_PROBLEM TO SOLVE_. Output only the stretch of the listing that starts at the line containing "Vintage Japan Airlines Aluminum Lunch Box" and ends at the line containing "Запчасти, схема и", reproduced exactly with both ends.
-------- RECORDS
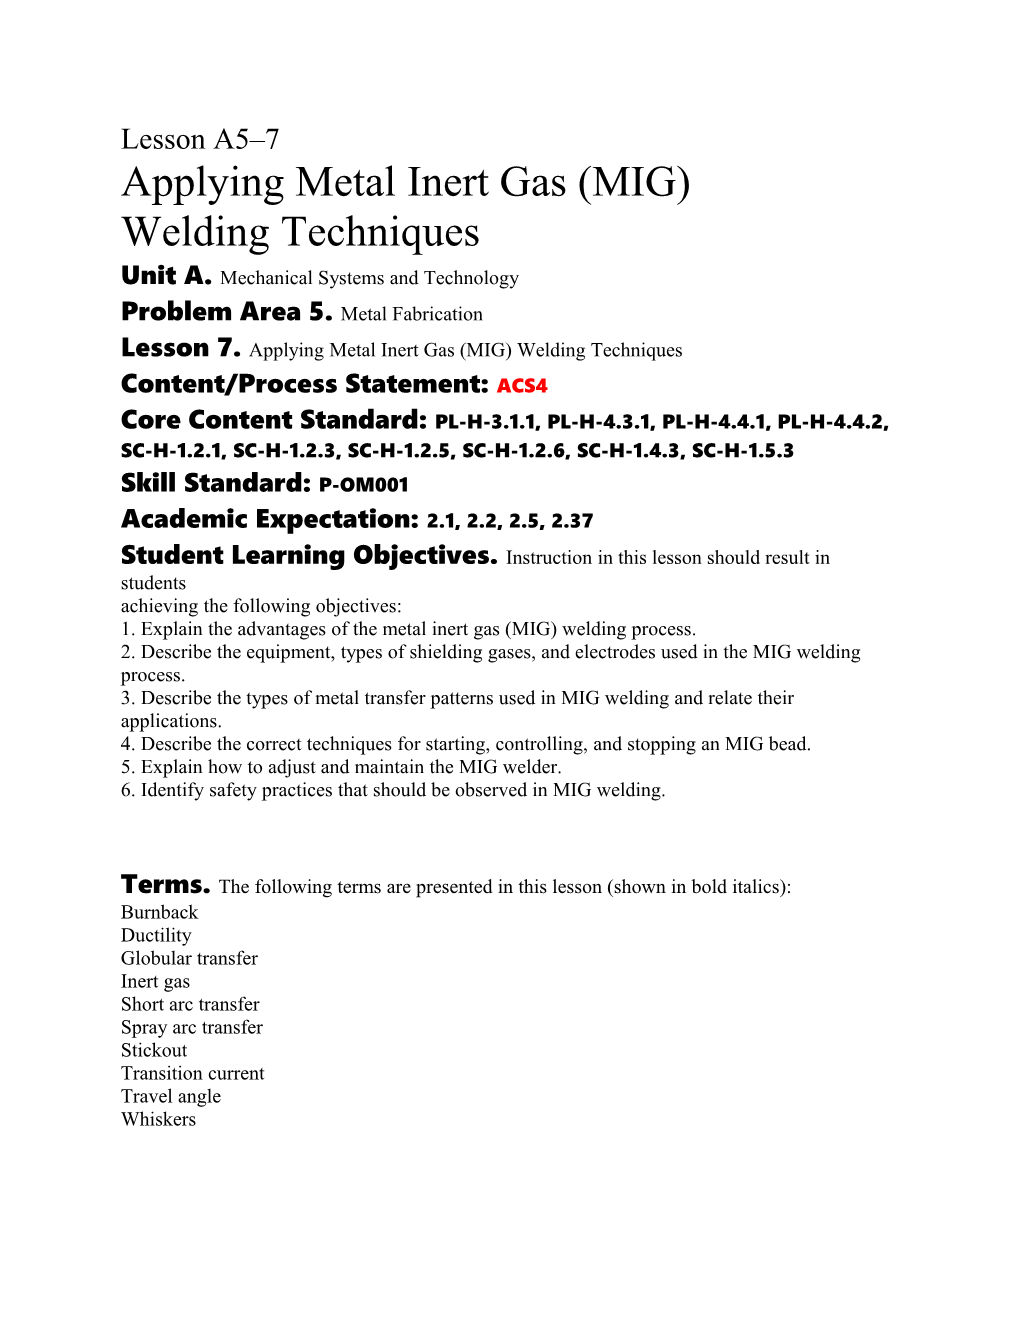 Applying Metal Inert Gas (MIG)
----------------
-------- RECORDS
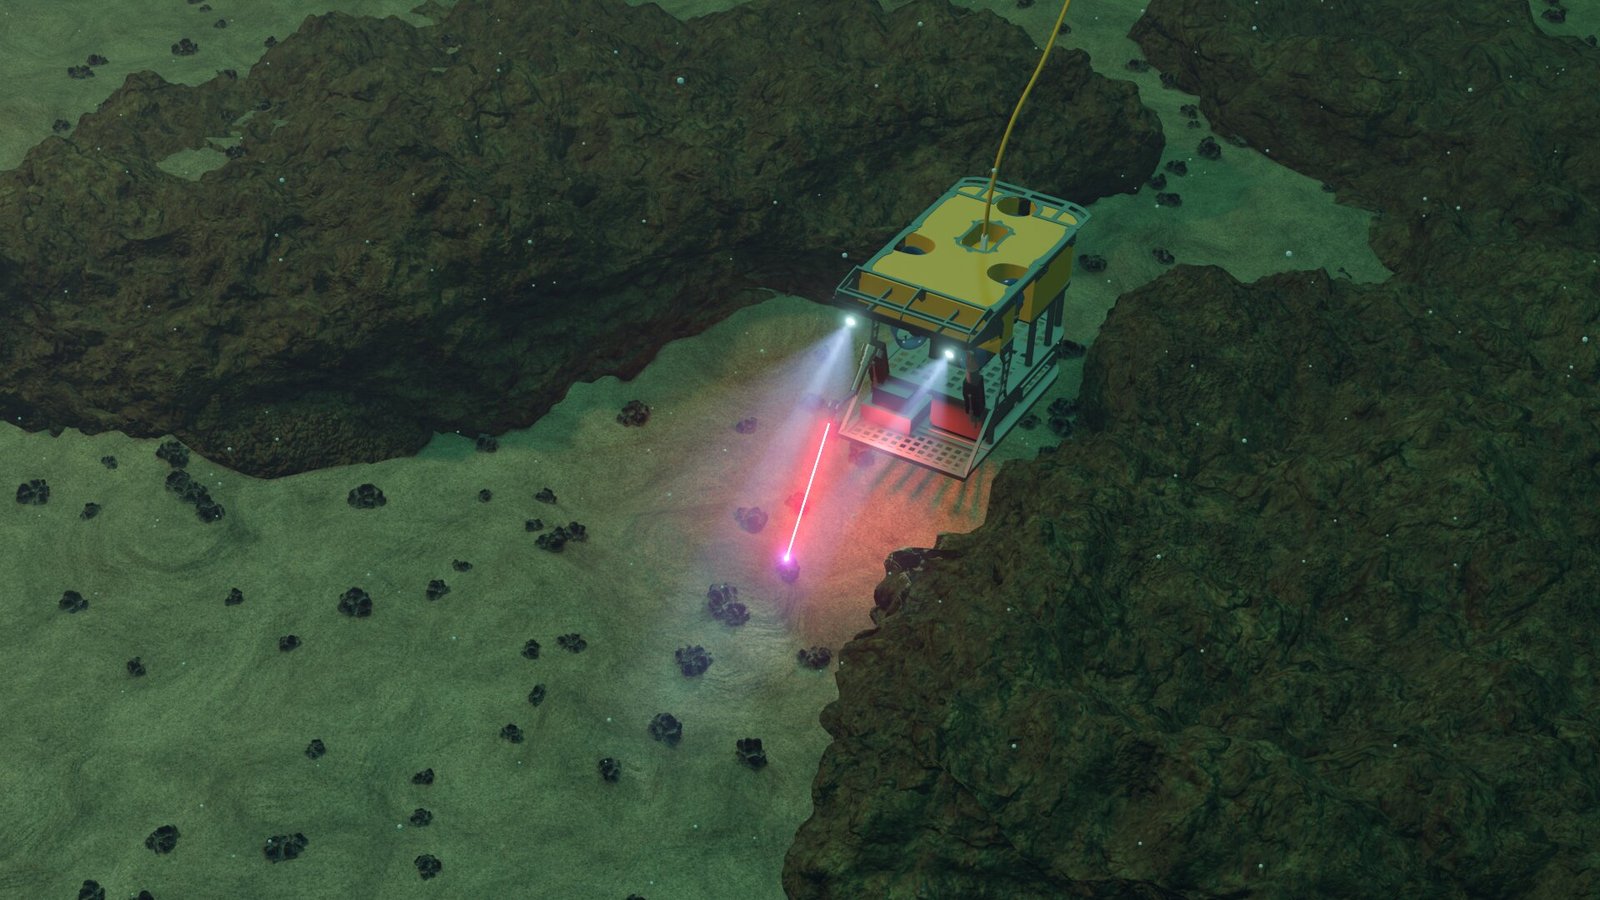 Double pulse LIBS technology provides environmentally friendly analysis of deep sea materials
----------------
-------- RECORDS
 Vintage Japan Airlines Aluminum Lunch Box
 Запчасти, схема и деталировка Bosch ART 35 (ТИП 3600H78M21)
----------------
_YOUR RESPONSE_.
 Vintage Japan Airlines Aluminum Lunch Box
 Запчасти, схема и деталировка Bosch ART 35 (ТИП 3600H78M21)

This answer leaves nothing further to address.